A cynic might think that this is a person who is enjoying his paid Alaskan vacation– the fruits of his alarmist scare-mongering– just as he enjoys dozens and dozens of others each year to spots around the country, and that the last statement just planted the seeds for a return visit in the future. But I’m a realist, I suspect he means what he says and is merely ignorant.

In the meantime we have a very real weapons and school-terror drama happening at nearby North Pole Middle School, where six students have been arrested for plotting to kill peers and staff alike.

Does anyone really believe that the ministrations of the platitudinous bullying expert– if he’d just been heard earlier– would have prevented the North Pole incident? Maybe a few. Will we be hearing about how video games must be involved in this near tragedy? I’m sure. But both of these represent either outright ignorance or a willful desire not to face the fact that what we are seeing here is nothing new.

School violence hasn’t increased since 1990; in fact it has decreased. This may well be due– in part– to a focus on bullying and discipline. It also creates a chafing, hidebound system that encourages the festering of small-scale conflicts and social friction with no remaining outlets to escalate to tragic proportions.

Back in the late seventies and early eighties when I was a teen, we not only had violent video games, but actually played outside practicing very real violence on ourselves. We beat (literally) and shot at (literally) each other as cowboys and indians, GIs and gooks, and commies and Americans. My father had 22 slug buried in his leg from his days of playing war as a teenager.
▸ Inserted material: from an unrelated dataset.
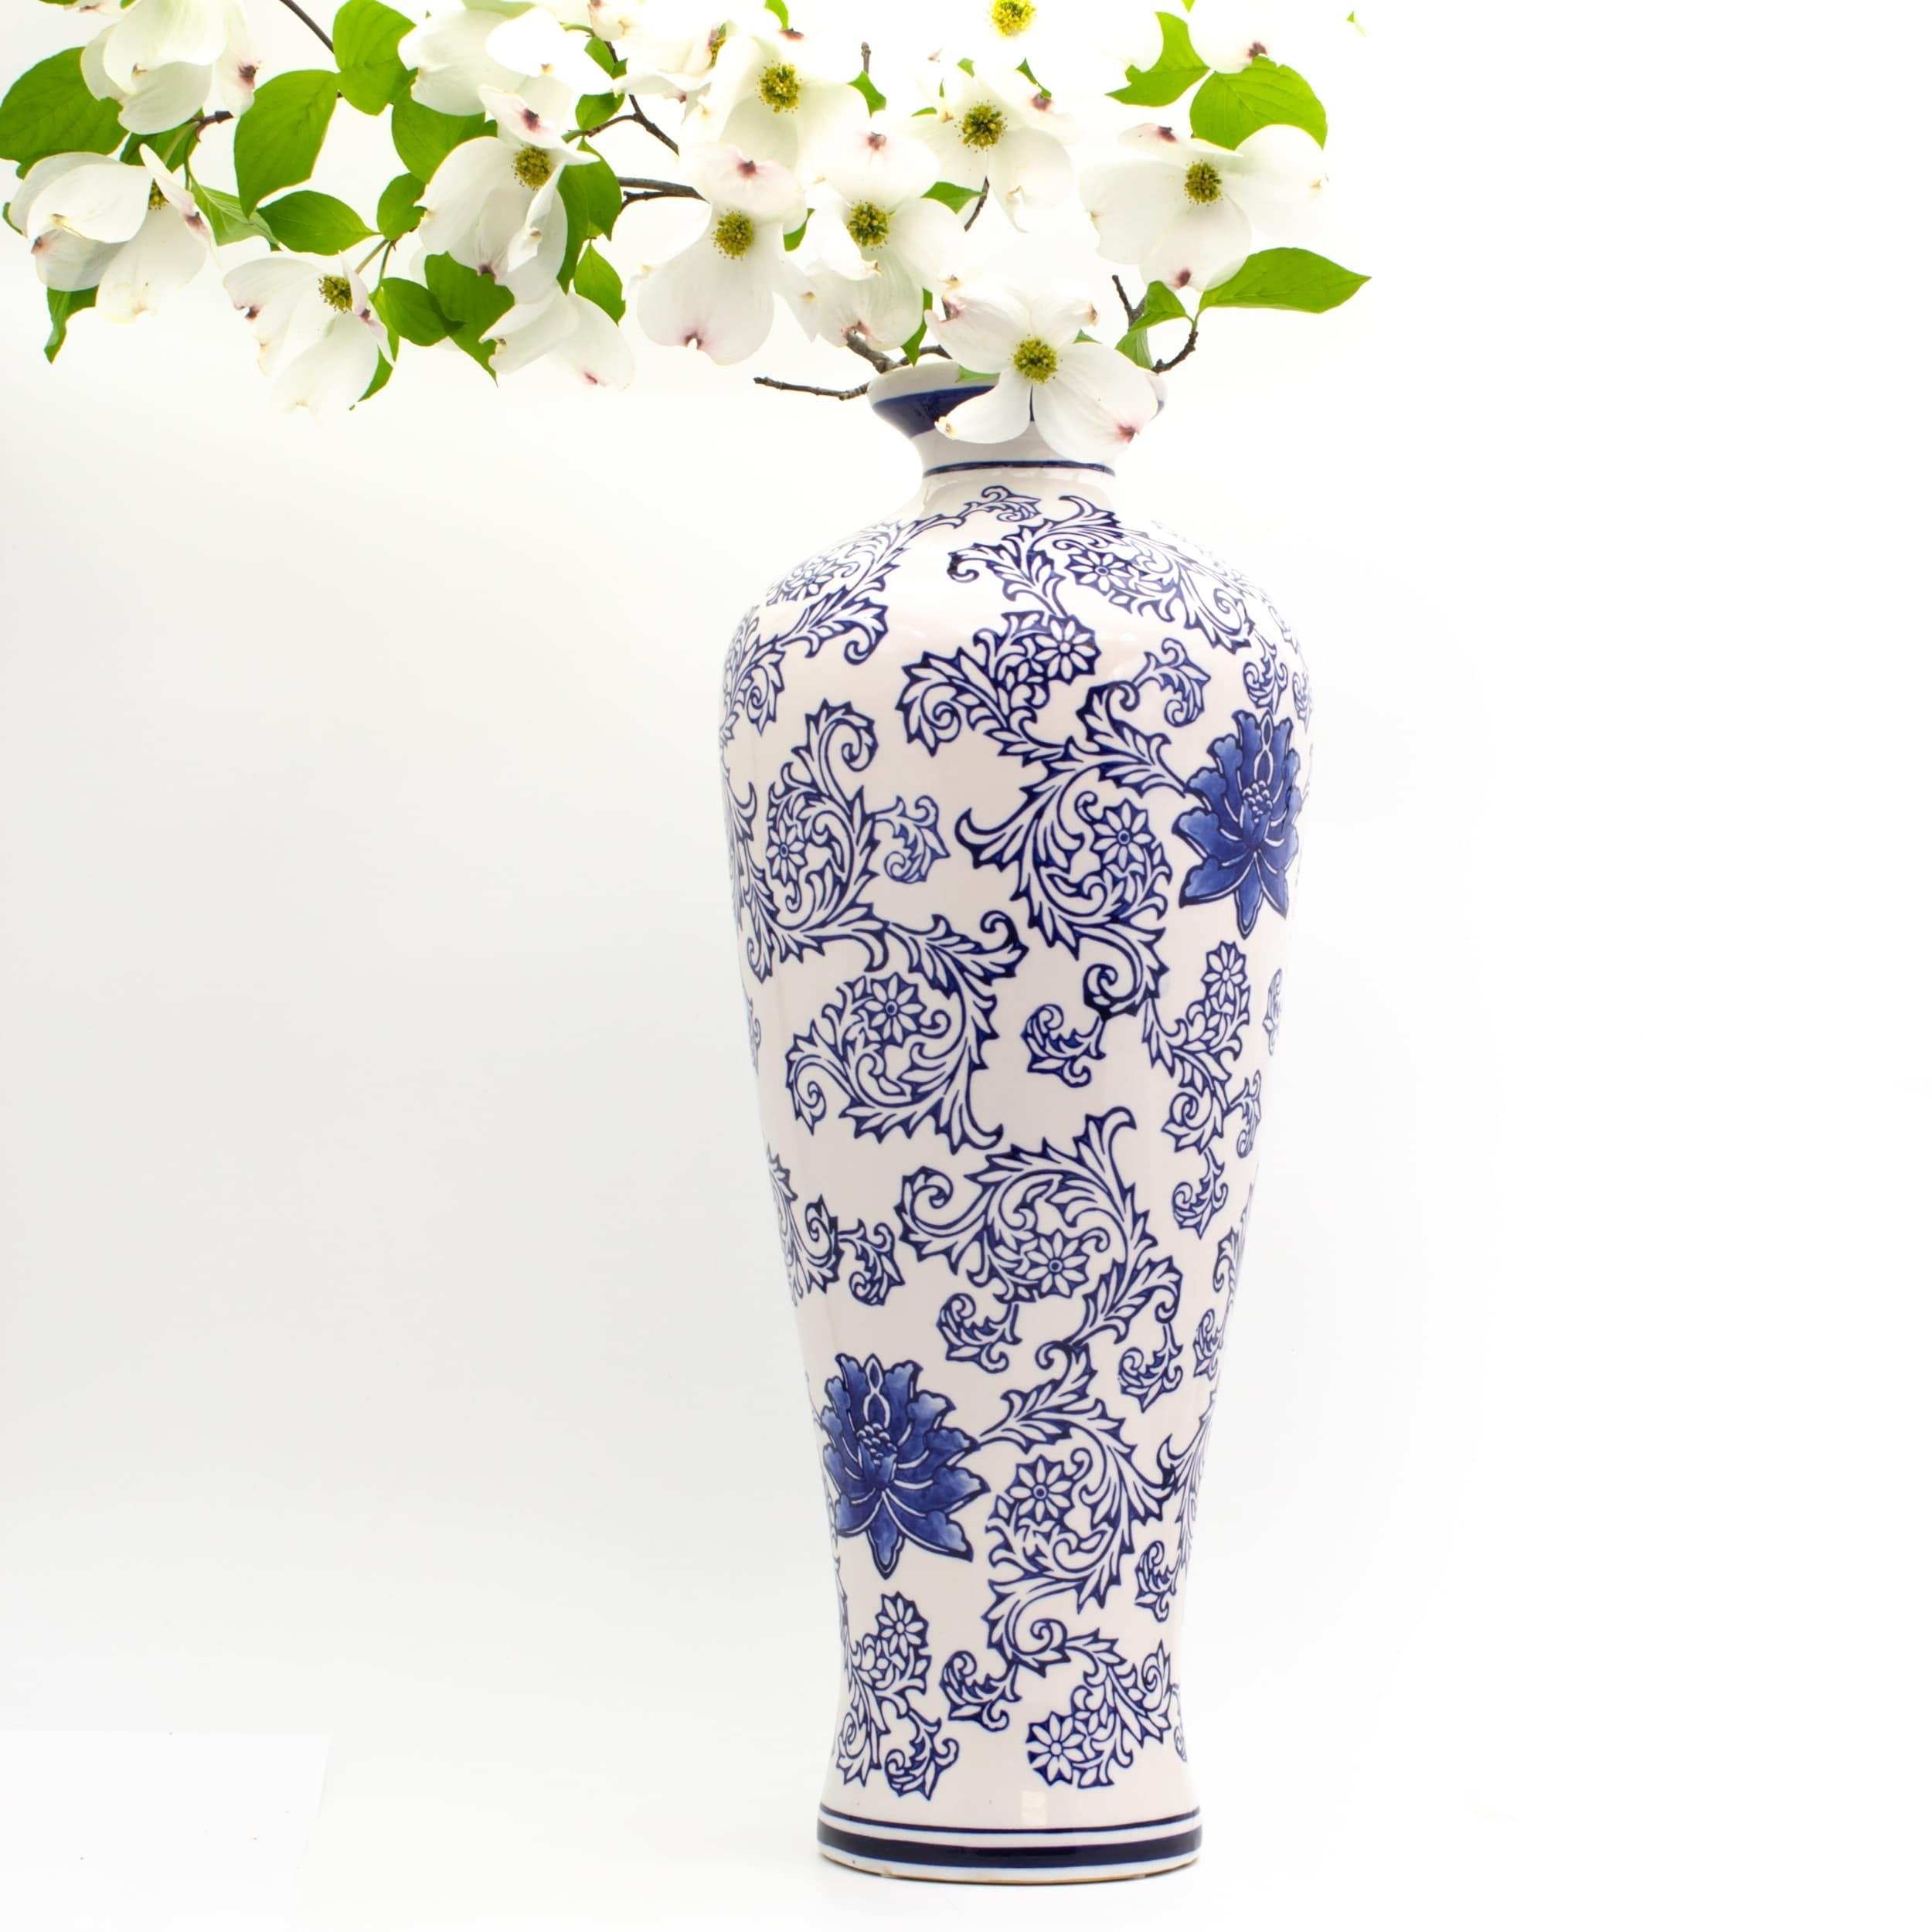 Shop Claybarn Blue Garden White Tall Vase Overstock 21030280

The fact is, as poor Piggy discovered, children have an intrinsic tendency to violence and exclusion that is matched by a natural tendency to explore and embrace. It’s the paradox of the human animal, evolved (or not) as we are.
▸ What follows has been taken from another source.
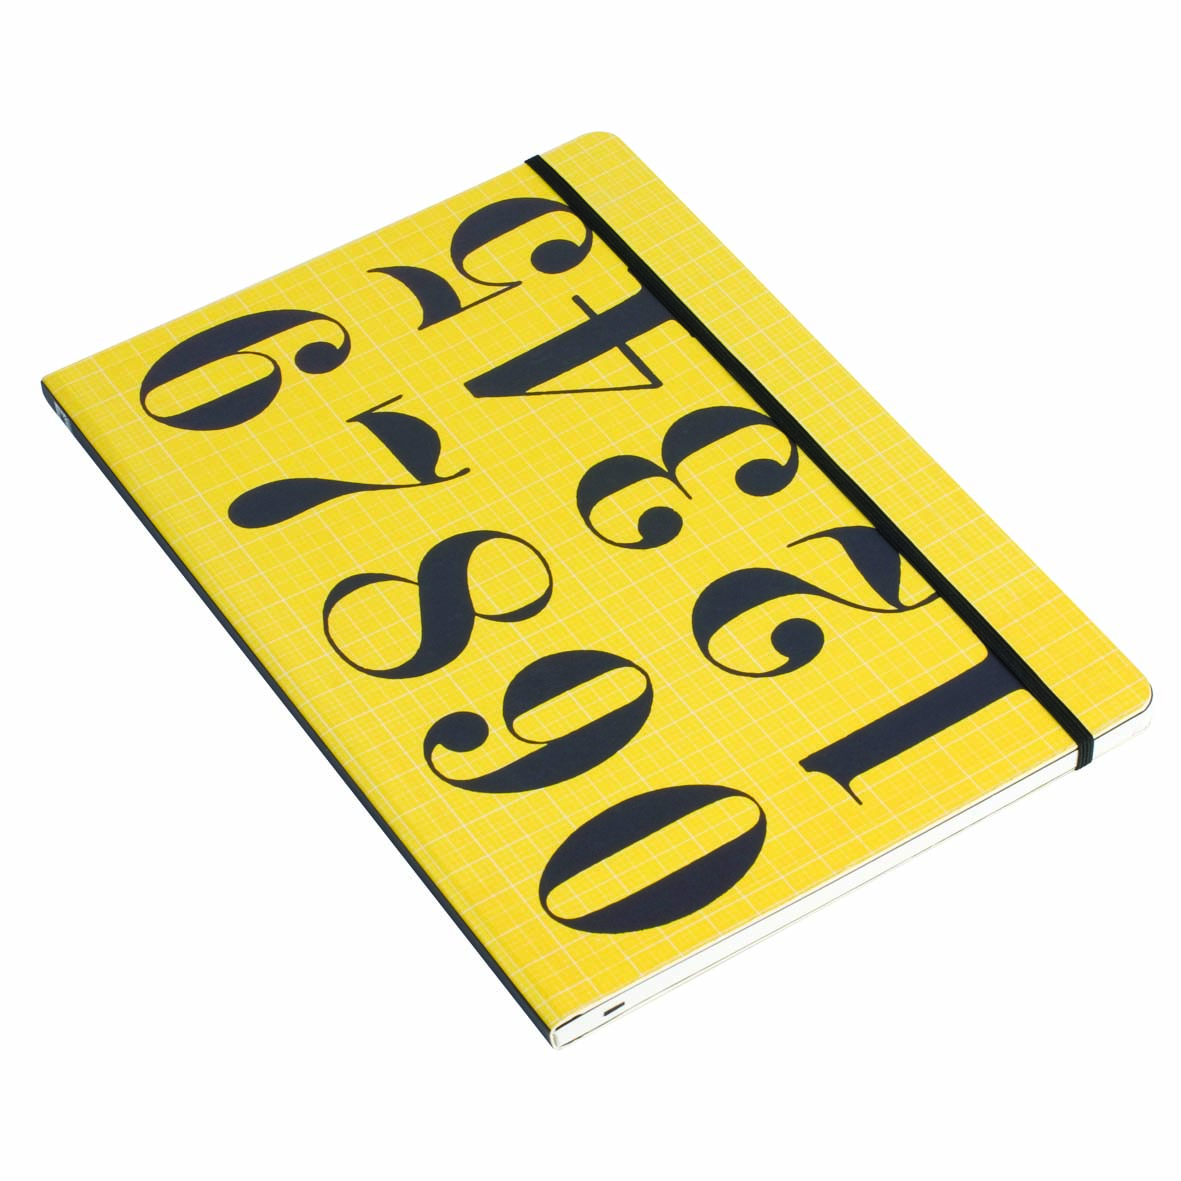 Boldly patterned notebook for desktop and commuting

The solution– as usual– lies in the simple things. Parents need to stop looking for blame and start fully loving their children. This means paying attention, participating in their lives, providing firm but rational discipline. Stop paying for outside, fear-mongering experts to go on vacation and pay the good teachers who actually care about and provide innovative nurturing learning environments for students… and fire the rest.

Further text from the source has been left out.